I bambini di tutte le razze giocano nell’acqua felici, non li rivedo mai gli anni dopo, speriamo solo che abbiano cambiato spiaggia.


Tutto in una notte estate

pallonciniStasera vorrei passare una serata tranquilla. Domani stare in spiaggia tutto il giorno: lettino, bibita, libro. Come quelle vere sciure de Milan. Pare che sia bello, speriamo. Ultimamente i metereologi sembrano ubriachi. E sembra di essere in Scozia. Senza i castelli. Almeno bagna il giardino.
In paese c’è un concerto swing all’Osteria prendo la macchina e vado, sarebbe un peccato perderlo. Il gruppo che suona è ingaggiato da due locali quindi invece che girarsi o da uno o dall’altro, suona nel mezzo. Verso una porta di ferro chiusa. Mah. Dall’altro locale, quello che non ha partecipato parte una musica tunz a manetta. Tutti si lamentano, “Incivili”, gridano. Sincera, a me piace di più la musica tunz. Un pensiero mi attraversa. Mi viene da piangere. Decido d far due passi. Il paese di mare è al suo climax, ballerini di tango si esibiscono in ogni dove. Mi viene sempre più da piangere. Non ho mai saputo ballare il tango, sarei più portata per la polka, per la mazurka. Una volta in questo paese c’era la festa dell’Unità sul molo e ballavano quei balli lì. E io guardavo sognante le coppie che avevano atteso per tutto l’inverno che arrivasse la festa dell’Unità. Si erano esercitati ogni giorno con dedizione proprio come nelle loro relazioni fatte di serate a casa, di film in prima visione alla tv, di racconti quotidiani. Ci avevano messo dell’impegno ed erano migliorati.

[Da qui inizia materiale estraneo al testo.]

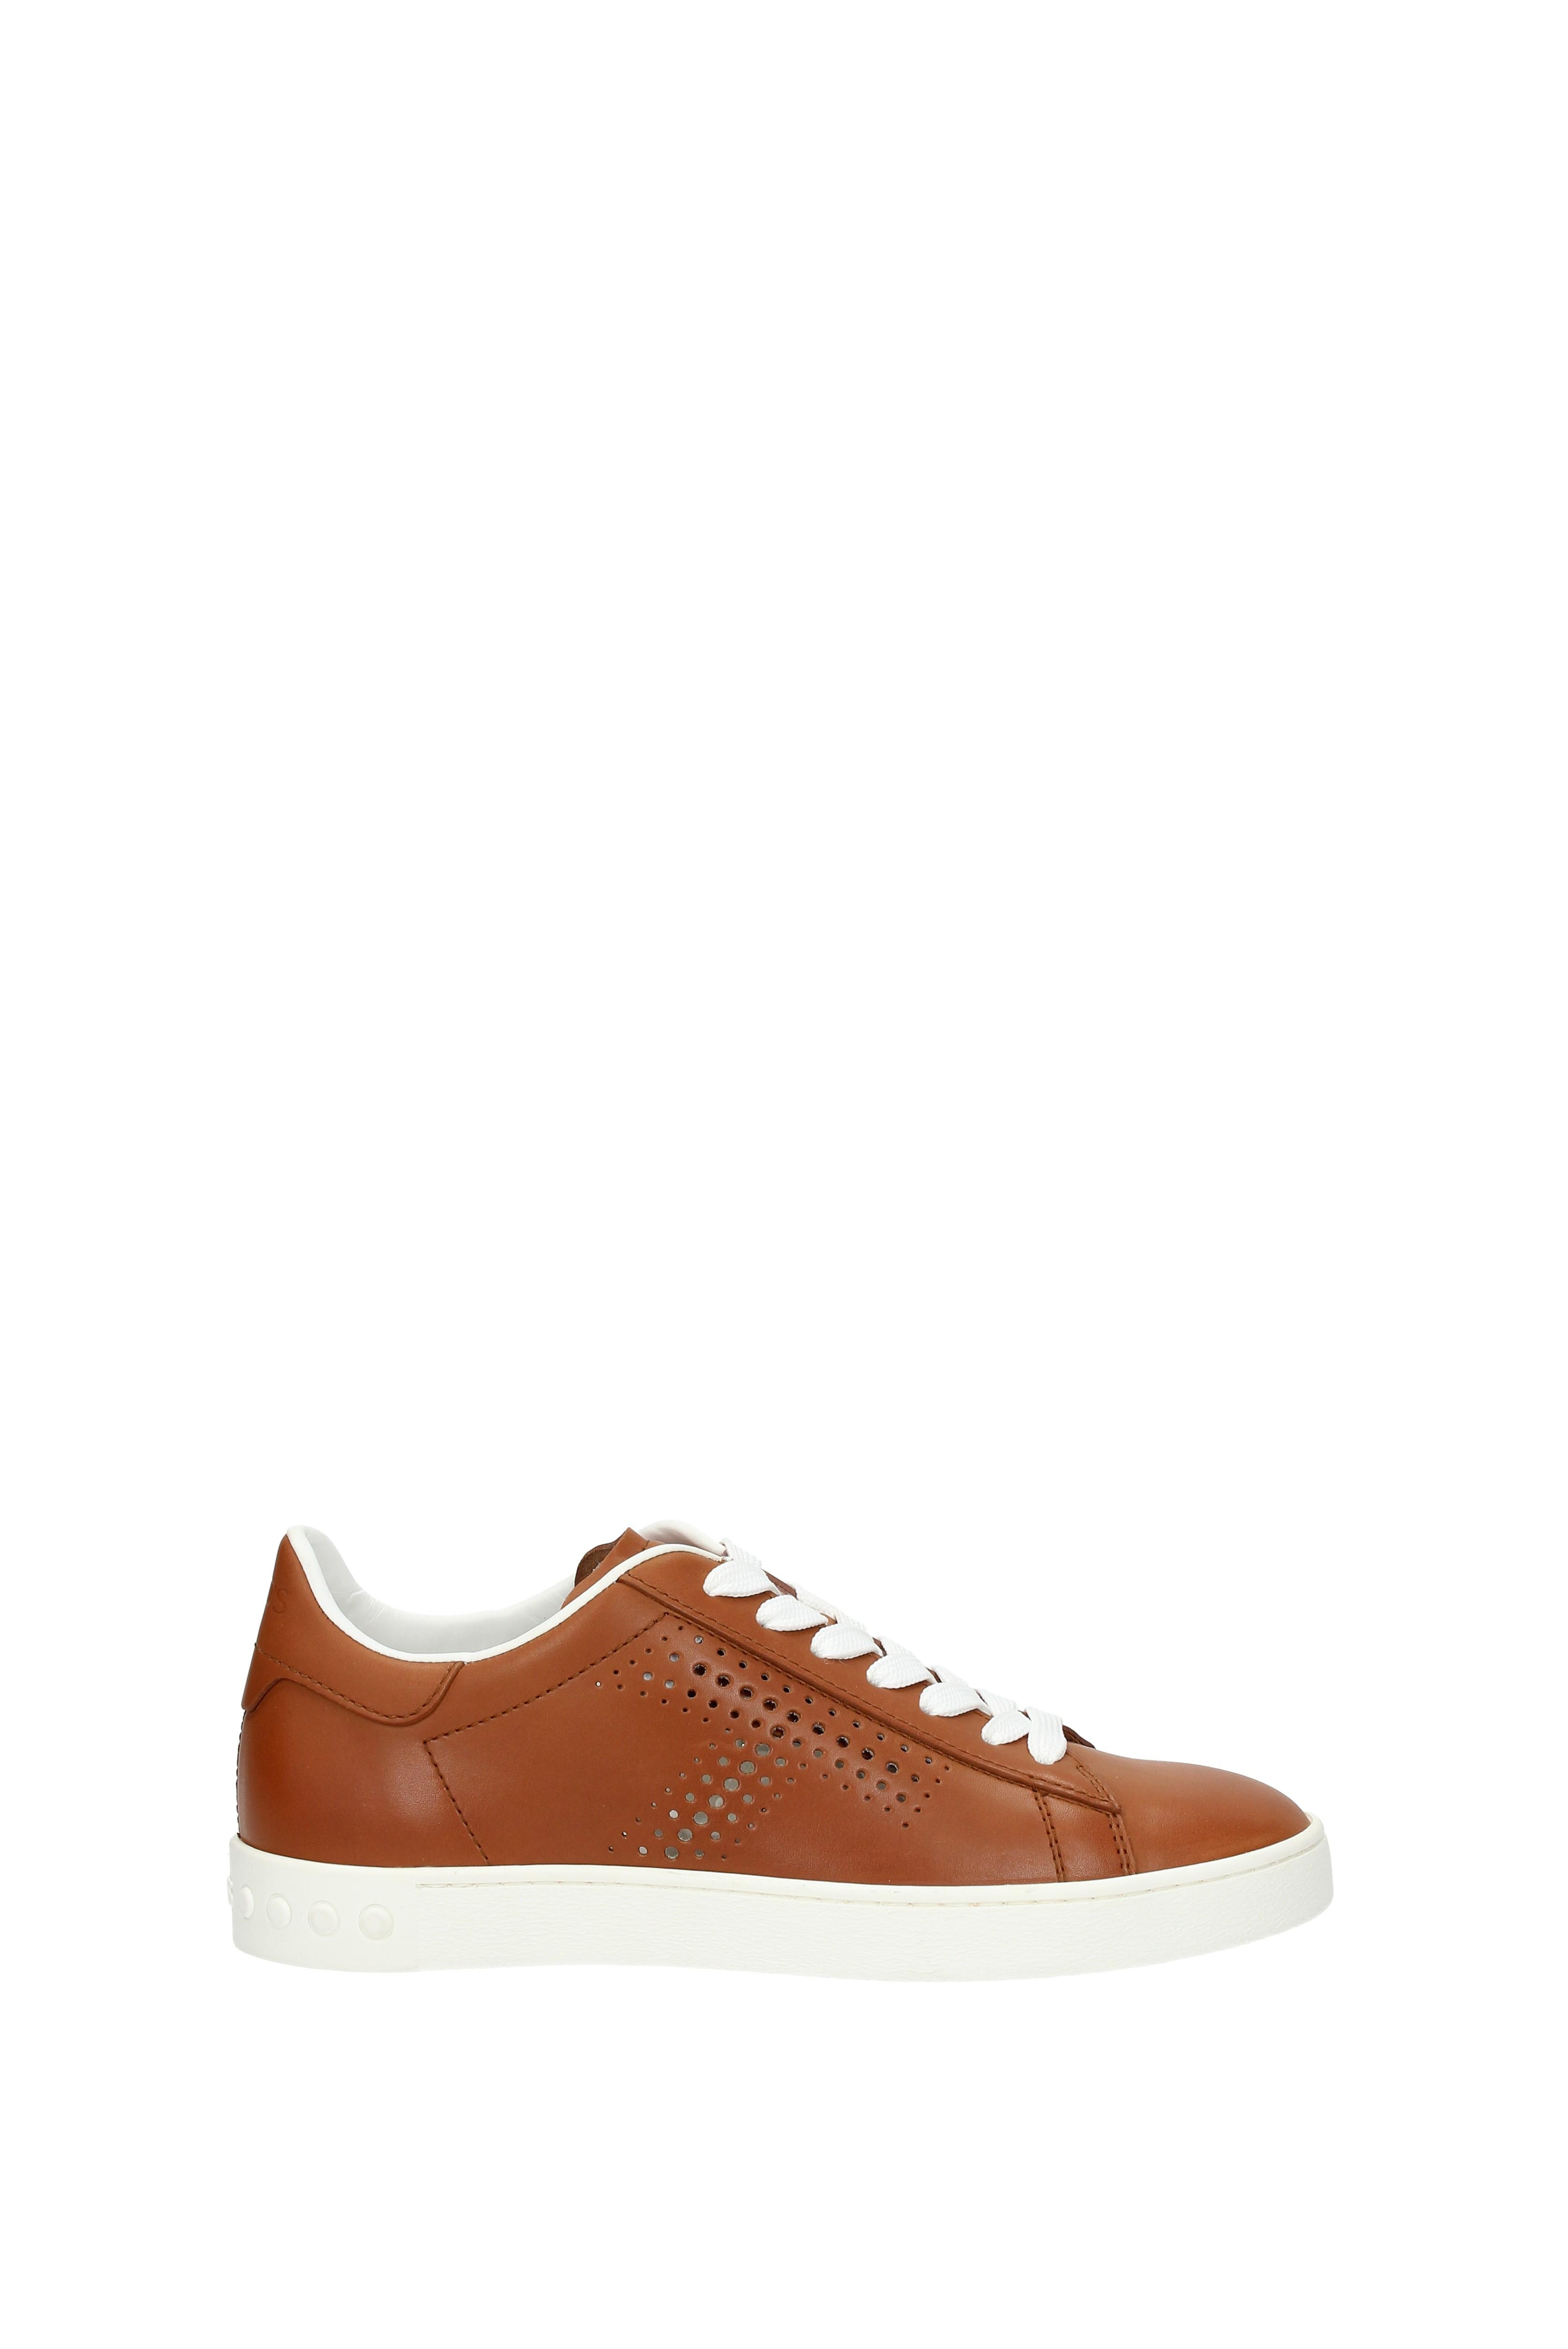 Sneakers Tod's Damens - Leder Leder - (XXW12A0T490D90) f23209

Mentre i ballerini si lanciano in passi sinuosissimi incontro un ragazzino, vede che piango e mi parla.
E’ simpatico, è di passaggio, non c’è su facebook.”Mi dice so io cosa ti ci vuole” e mi porta da un suo amico pizzaiolo. È egiziano e si chiama Pasquale. Ma non era egiziano? Si, ma il nome vero non se lo ricorda nessuno.  Pasquale ci cucina una cotoletta. Io son di Milano e volevo mangiare una pizza, ma sbagliavo perché la cotoletta è meravigliosa. Al tavolo c’è una psicologa che si diletta di canto, sta facendo un’audizione alla figlia della proprietaria. Dice che la voce non è abbastanza in testa, mi sembra che centri Jung.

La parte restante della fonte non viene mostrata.